« Parlons-nous »
13H57 - jeudi 5 juin 2014

Maitre Bruno Gbiegba : « Nous avons tous une responsabilité dans ce drame collectif »

 

Le dimanche 30 mars 2014 à Bangui, Opinion Internationale a organisé, avec le soutien de la fondation Joseph Ichame Kamach, un événement en hommage à Barthélémy Boganda, le père de l’indépendance Centrafricaine et président fondateur de la République centrafricaine mort en 1956. 

Ce jour-là, dans le grand hémicycle de l’Assemblée nationale, de nombreux dirigeants politiques, la société civile, des artistes et le Conseil national de transition se sont réunis pour rendre hommage à Barthélémy Boganda et débattre sur sa mémoire et l’actualité de sa pensée. 

La journée s’est conclue par un Appel au dialogue national et au dépôt des armes dont la liste des signataires grandit tous les jours.

Pour rappeler l’importance de cet appel et la nécessité impérieuse du dialogue aujourd’hui en RCA, Opinion Internationale publie dans une série d’articles, l’ensemble des discours donnés ce jour-là : Les discours de Bangui en hommage à Barthélémy Boganda.

Aujourd’hui, l’allocution de Maitre Bruno Hyacinthe Gbiegba, avocat à la Cour et conseiller national de la transition. 

Me Bruno Hyacinthe Gbiegba à l'Assemblée nationale de la RCA à Bangui, mars 2014 © Alain Elorza

Me Bruno Hyacinthe Gbiegba à l’Assemblée nationale de la RCA à Bangui, mars 2014 © Alain Elorza

« Libérer l’Afrique et les Africaines de la servitude et de la misère, telle est ma raison d’être et le sens de mon existence… » – Barthélemy Boganda

Monsieur le Président du Conseil National de Transition
Mesdames et Messieurs les Ministres du Gouvernement de Transition
Mesdames et Messieurs les Chefs de missions diplomatiques
Mesdames et Messieurs les Membres du Bureau du Conseil National de Transition
Mesdames et Messieurs les Présidents des associations et partis politiques
Mesdames et Messieurs les Responsables des associations
Mesdames et Messieurs les participants

La République Centrafricaine est confrontée à l’instabilité politique depuis plus de trente ans ; et elle s’est accentuée avec les crises politico-militaires cycliques qui ont débuté avec les mutineries de 1996-1997.

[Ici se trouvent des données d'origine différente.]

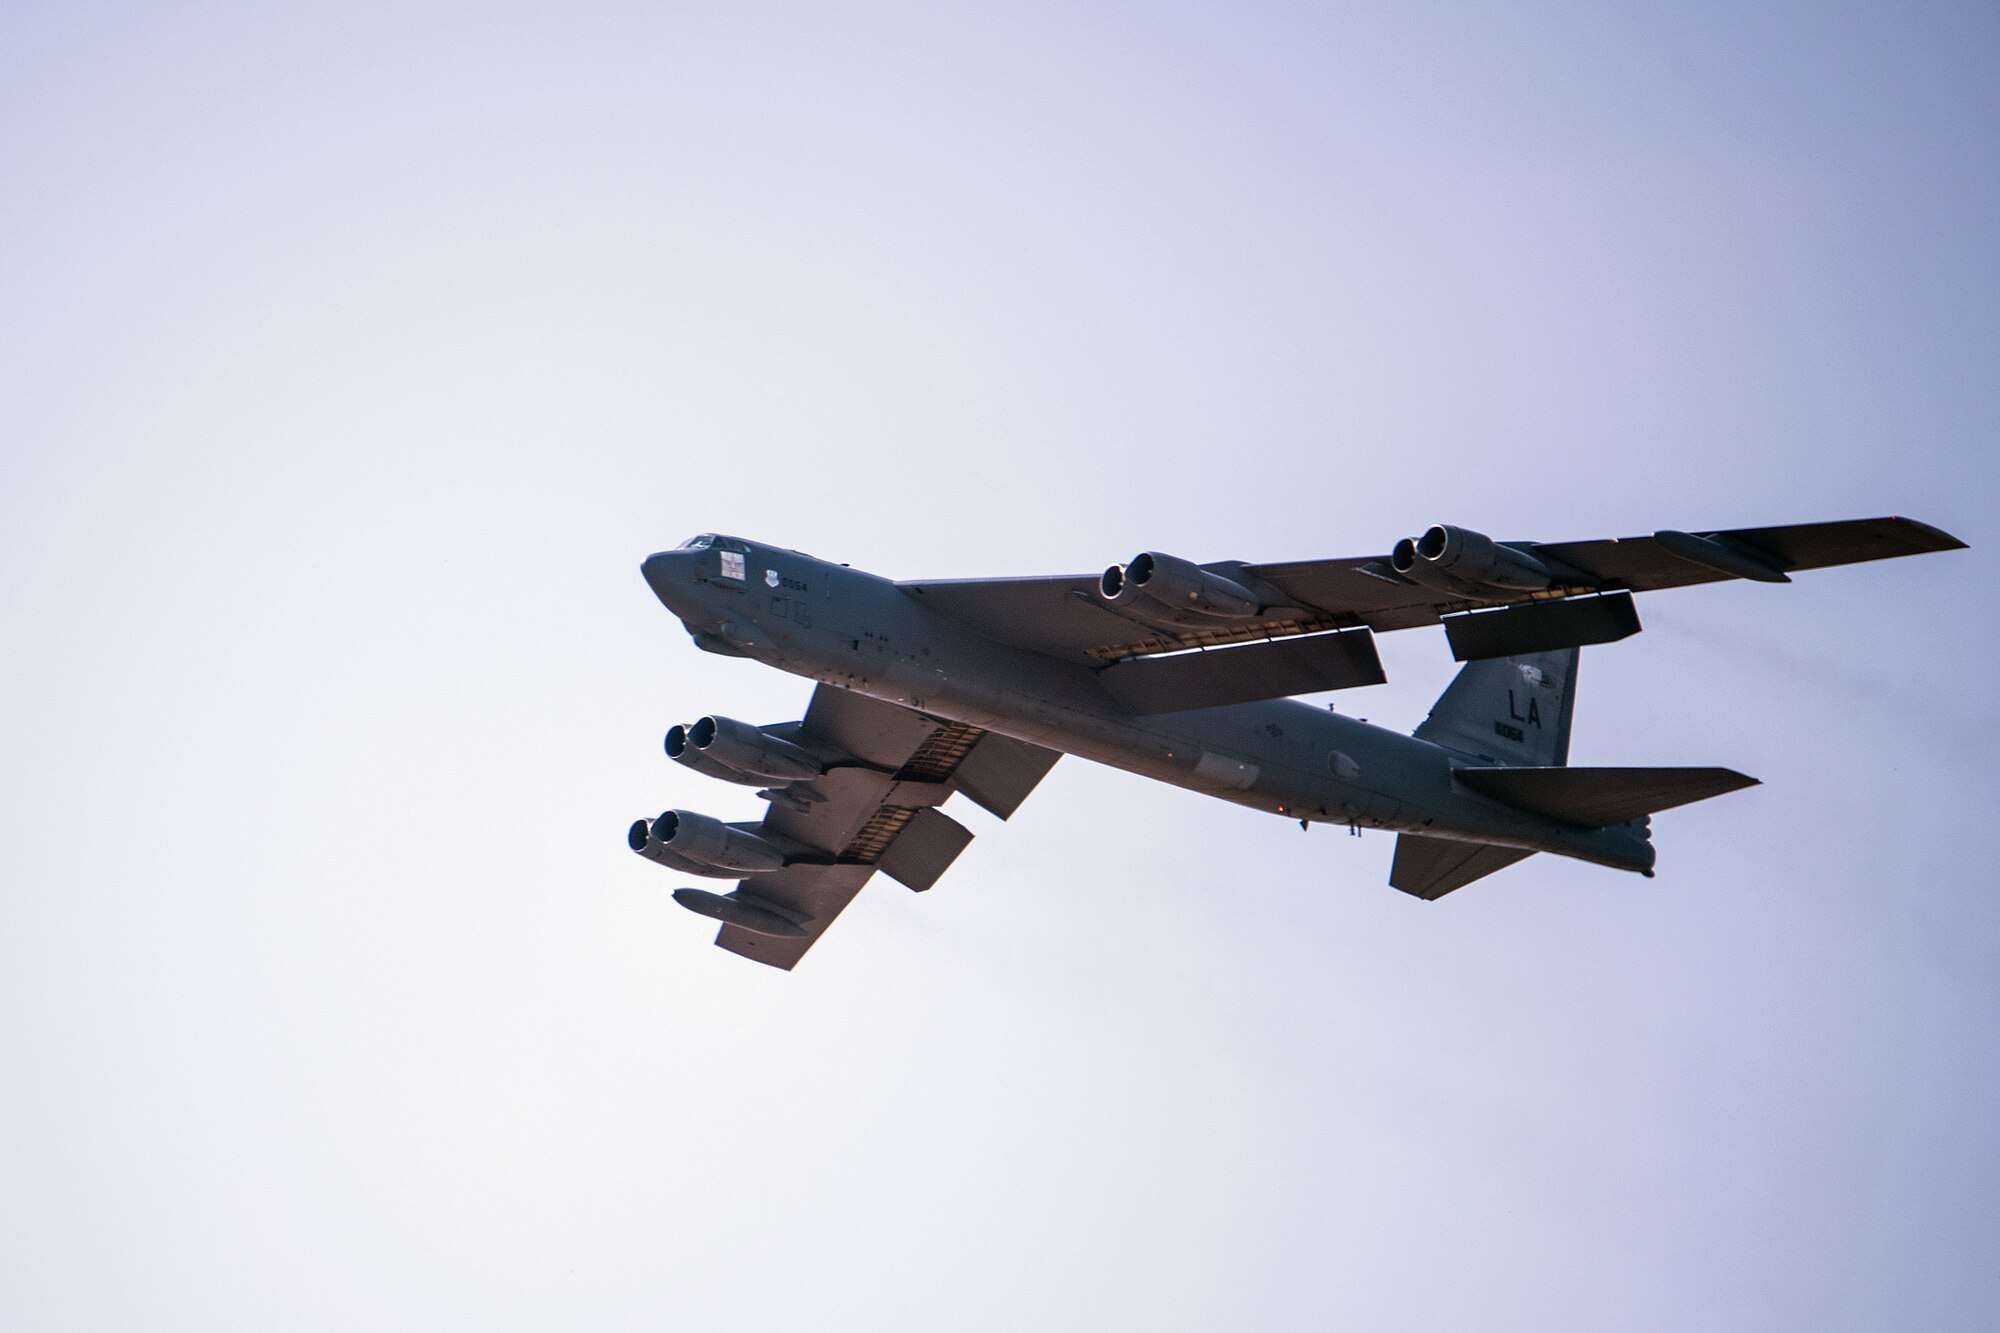 A B-52H Stratofortress from Barksdale Air Force Base, Louisiana, prepares to land, Aug. 26, 2020, at Minot Air Force Base, North Dakota. As the only other B-52 base, Minot has considerable infrastructure and support to ensure the Air Force Global Strike Command mission is not impacted.

Lors des assises du Dialogue politique inclusif tenu en décembre 2008, les acteurs de la vie sociopolitique s’étaient engagés à résoudre désormais tous les différends qui naitraient par le dialogue.

La résolution du différend né à la suite de la contestation des élections générales de 2011 par les partis politiques de l’opposition démocratique, aurait pu être une occasion pour la mise en œuvre de cet engagement solennel pris en 2008, pour résoudre les différends par le dialogue. Mais, malheureusement les protagonistes ont gardé chacun leurs positions.

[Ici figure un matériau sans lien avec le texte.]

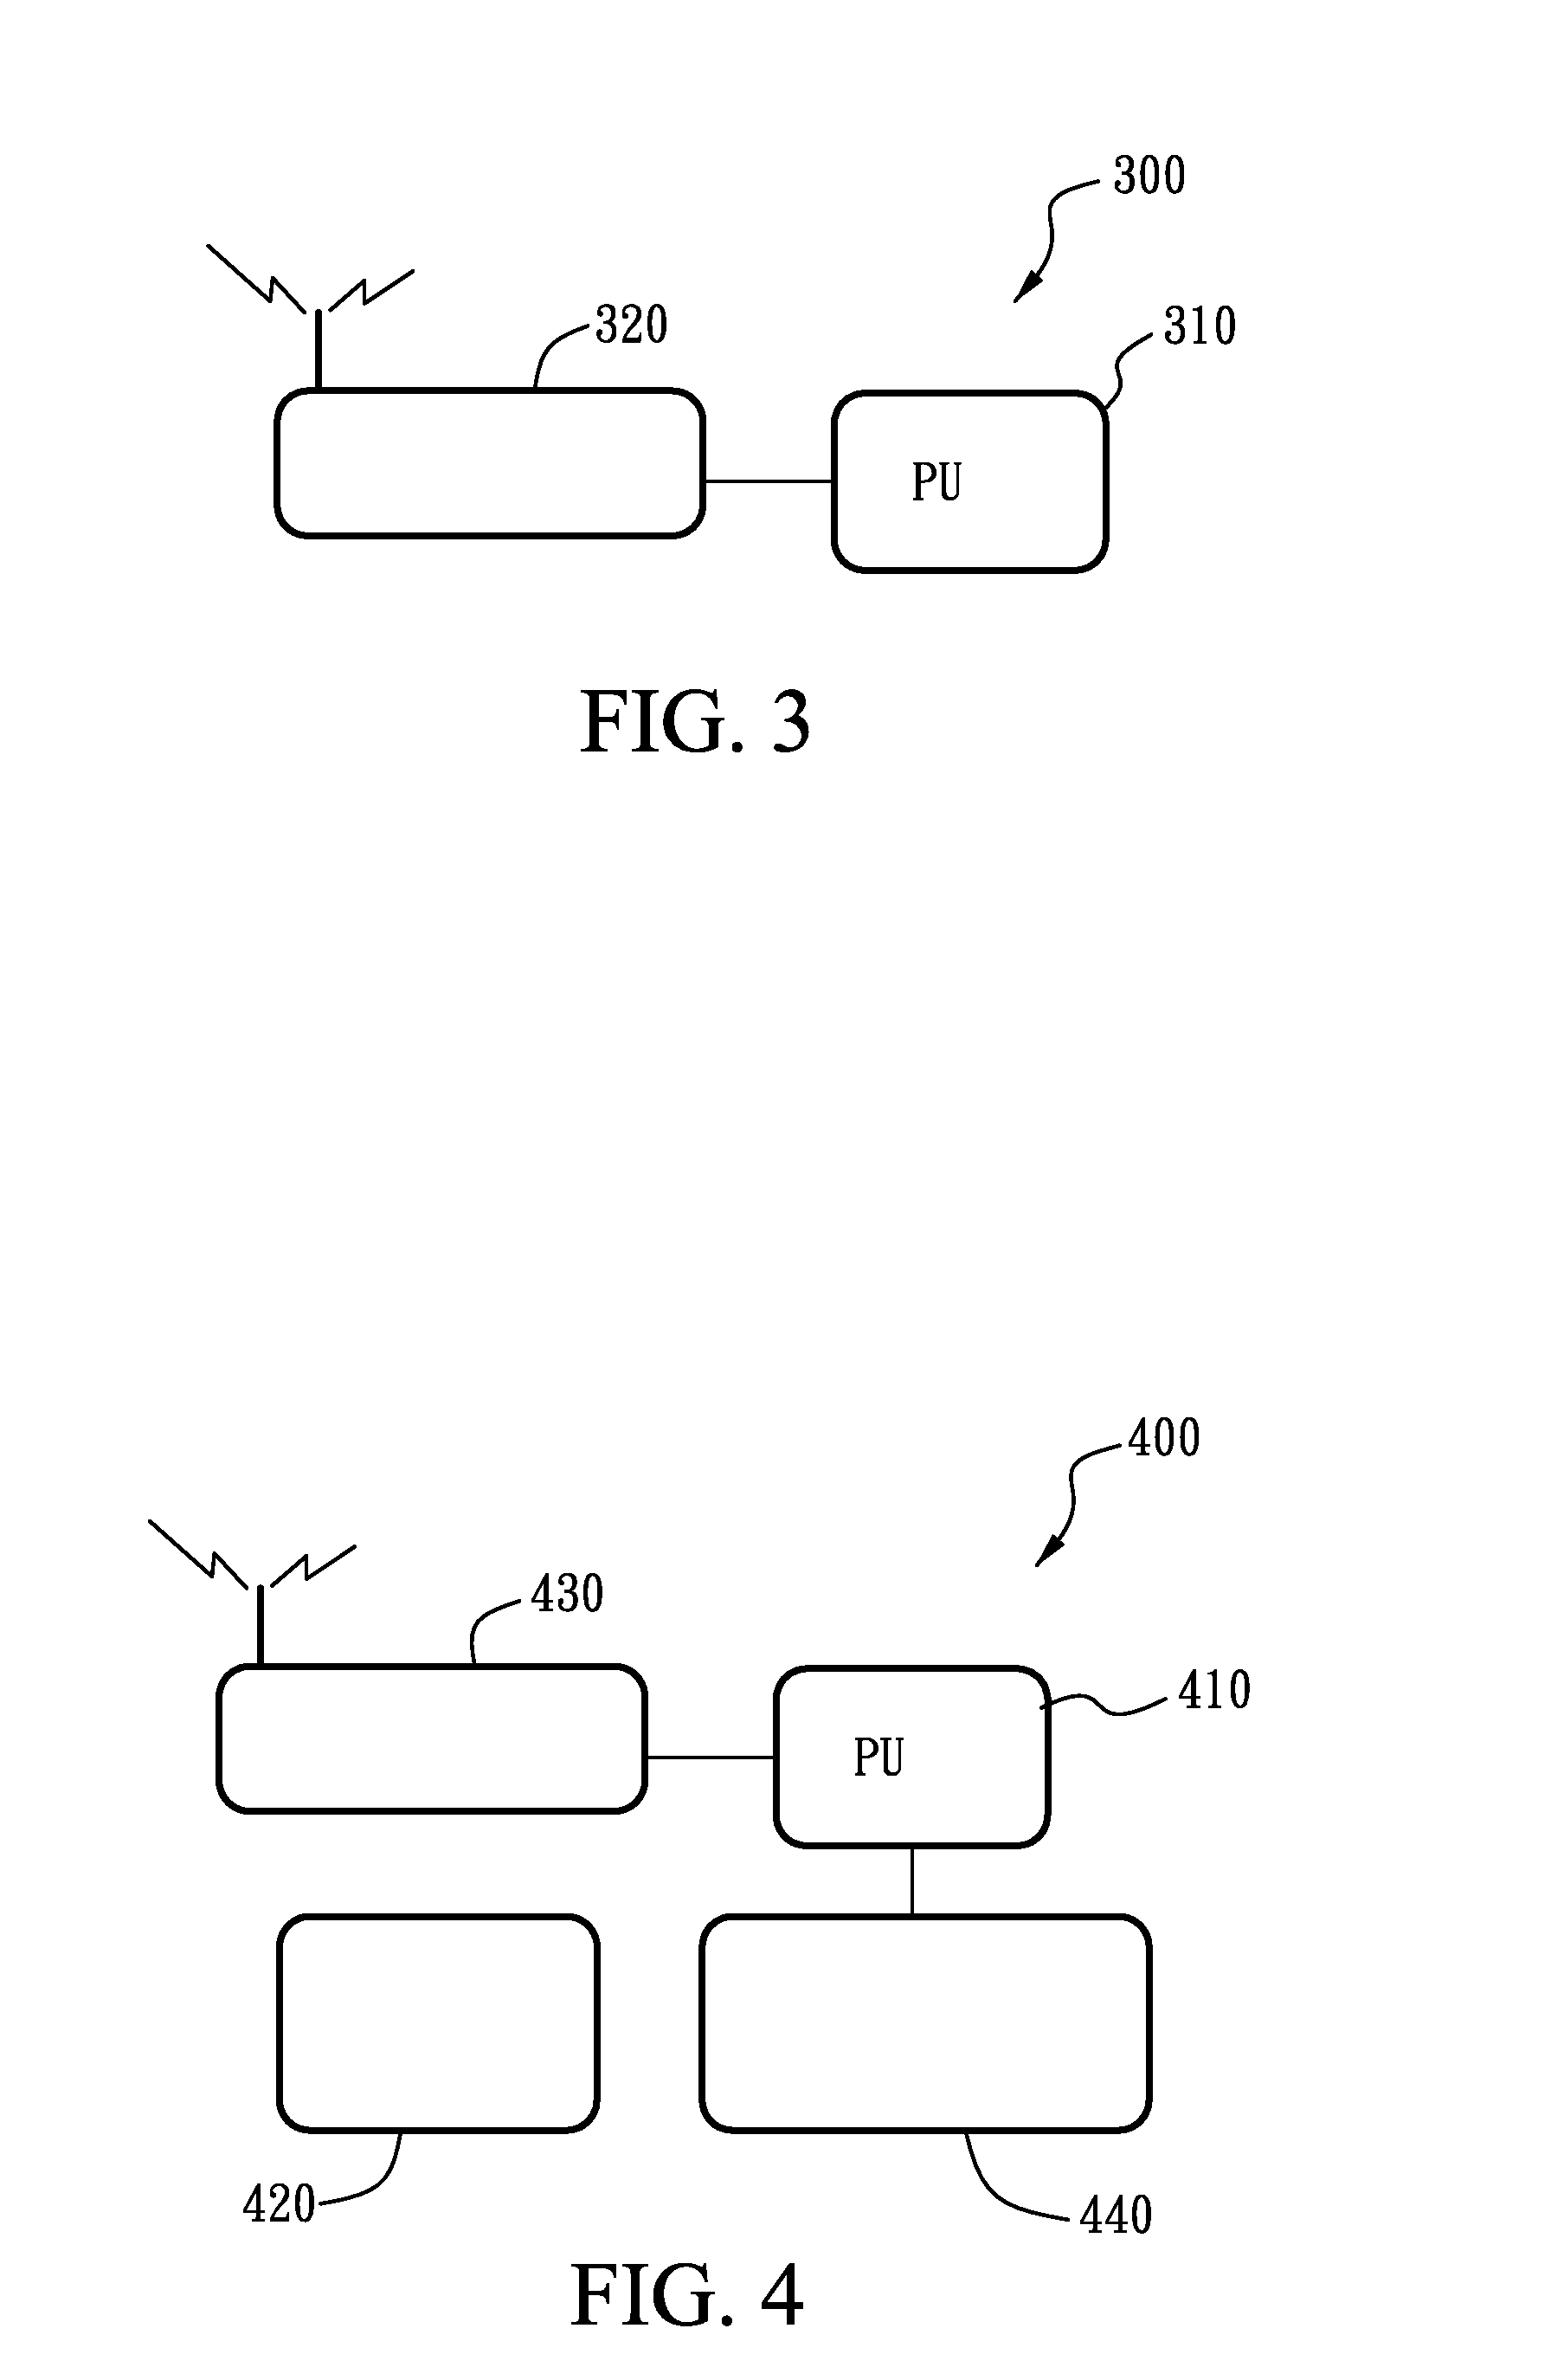 System and method of RFID wireless control

Les parties seront contraintes aux négociations de Libreville, par le déclenchement de la rébellion de la coalition Séléka en décembre 2012, qui a soulevé des problèmes liés aux violations des droits humains, l’exclusion des ressortissants de leurs régions, la mauvaise gouvernance…

En dépit de la signature des accords de Libreville, aucune des parties prenantes n’avaient la volonté réelle de les respecter et encore moins de les appliquer ; puisqu’elles avaient un agenda caché. La reprise des hostilités entre les belligérants et l’avènement de la coalition Séléka au pouvoir de l’Etat le 24 mars 2013 en est la preuve patente.

Au lieu d’exercer les institutions de l’Etat en corrigeant tout ce qui avaient été décrié lors de la gestion du précédent régime, les responsables de la coalition Séléka ont plongé la RCA dans un chaos indescriptible, par des violations massives et répétées des droits humains, sur des non musulmans.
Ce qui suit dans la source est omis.